PDF text is a subject which causes much confusion. People look at PDF files and they are a fantastic way to present content. If setup correctly, you can be sure they will appear exactly as you intended (with none of that horrid wrong formatting you get in Microsoft Word if the user does not have your fonts). They are secure, self-contained and cross-platform.

The problem comes with extraction. People look at the text layout. Because the human eye is very good at working out the flow of the page, they assume that this information is all in the file.

The PDF file is really a form of Vector graphic – it contains a whole load of commands to draw shapes, images and text. So long as the end result looks correct that is the key requirement. Often the text will be in the correct order but there is no guarantee. Nothing in PDF specification enforces any standardization.

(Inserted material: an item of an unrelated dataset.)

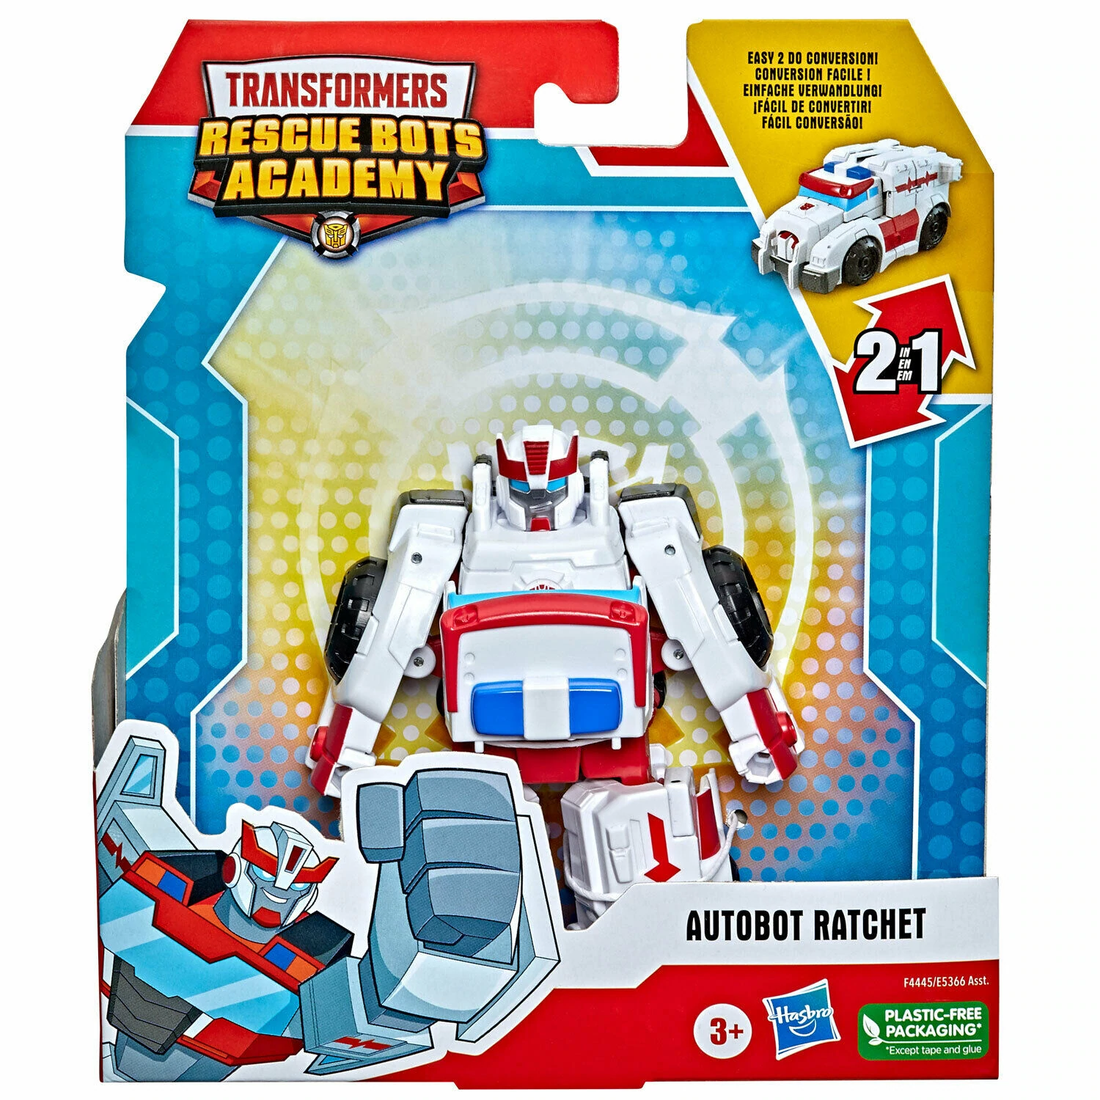 Transformers Rescue Bots Academy: Dynamic Duo Variation Toys - AUTOBOT RATCHET

Complex structures such as tables exist because your brain perceives them on the finished document – there is nothing describing them in the PDF beyond a set of draw String commands at certain locations.

I was sent a PDF file once created with a tool which obviously started life as a plotter. With a plotter, the slowest activity is to change the pen on the plotter, so where possible you try to draw all the black lines first, then change the pen. In this PDF, all the bold text on the page was drawn first, and then the rest, font by font. It looked perfect to view, but it was very messy inside.

You can extract text from PDF files , but you have to allow for all of these possibilities and there is no heuristics capable of handling all the possible options. The more general you make the algorithm the less able it becomes. In our software we took the decision to try and provide some solutions focused on specific tasks (ie keywords, tables, flowing text). Many times this works perfectly, but it is always a guessing game.

If you are creating PDF files and want the text to be extracted, you should use Adobe’s Structured Content feature. This does include tagging information in the PDF making it possible to extract a perfect XML version of the page – but it needs to be switched on to be in the file.

Otherwise, remember that a PDF is essentially a Vector graphic and while it may look perfectly structured, that the structure is probably your brains perception of the picture and not in the file.